Но в Тасмане жили черты бессовестного авантюризма. Достоверно известно, что время от времени покровитель его - губернатор Антони ван Диемен и достопочтенный Совет города Батавии использовали Тасмана для каких-то темных махинаций, связанных с японской торговлей. Не подлежит сомнению также, что однажды он похитил - на свой собственный страх и риск влиятельного китайца, мешавшего проведению каких-то деловых переговоров между Тасманом и султаном Ачина1
-----------------
1 А с h i n - нидерландские владения на Суматре.
Возможно, что китаец этот был весьма недостойной личностью, но все-таки хотелось бы знать, чем он кончил, да и все это предприятие вызывает большие сомнения. Затем, уже в преклонном возрасте, Тасман был замешан в какой-то неблаговидной истории, что заставило общину верующих, к которой он принадлежал, предложить ему выйти из числа ее членов. Даже достопочтенный Совет был встревожен и уволил Тасмана с его поста, хотя - что чрезвычайно характерно - не отказался от его услуг. Решение Совета освещает характер этого человека ярче, чем любой скандальный анекдот. Он был очень ценным, но компрометирующим слугой.
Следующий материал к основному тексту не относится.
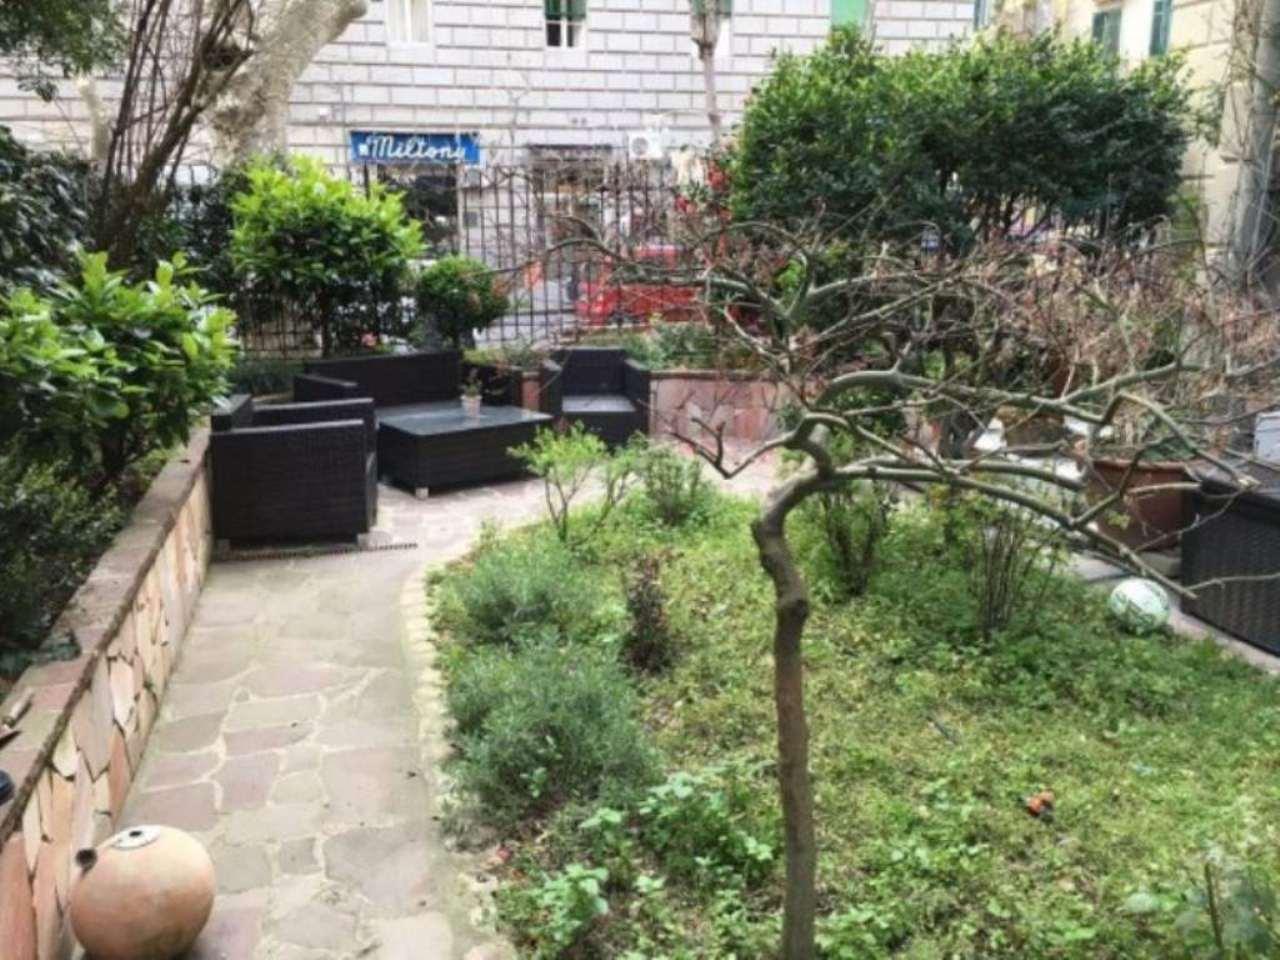 appartamento con giardino privato a Napoli - Cambiocasa.it

Все эти огорчительные подробности стали мне известны совсем недавно, когда я прочел одну очень забавную и интересную книжку; но, должен сознаться, что давнее мое восхищение Тасманом, как одним из творцов воинствующей географии, не особенно от этого пострадало. Был ли он нерадивым, или не был, но во время своего плавания он нанес на карту 8000 миль побережья острова, который, по всеобщему согласию, именуется теперь континентом, и этот очень старый в геологическом смысле континент является домом очень молодой нации, будущее которой таит в себе все возможности материального и интеллектуального расцвета.
Мне хотелось бы думать, что в уголке Елисейских Полей, уготованном для великих мореплавателей, Джемс Кук не отвернулся от учтивых приветствий Абеля Тасмана, своего сотоварища моряка, который, - озадаченно и не слишком толково, в духе тех времен,- но первым доложил о существовании Новой Зеландии за 130 лет до того, как капитан Кук, во время второго своего путешествия, навеки покончил с призраком Terra Australia Incognita и прибавил Новую Зеландию к области научных исследований победоносной географии сегодняшнего дня.
Ни малейшая тень подозрения в нерадивости или сомнительных мотивах не омрачает подвигов капитана Кука, пришедшего из хижины земледельца, чтобы занять первенствующее место среди всех мастеров морских исследований, трудившихся над великой географической проблемой Тихого океана.
"Усилие" - так назывался корабль, на котором Кук отправился в свое первое плавание, и это слово было лозунгом всей его профессиональной жизни. "Решимость" именовался корабль, которым он командовал во время своей второй экспедиции, - и решимость была направляющей чертой его душевного облика. Не скажу, что самой великой чертой, потому что он обладал и другими мужественными свойствами большого человека.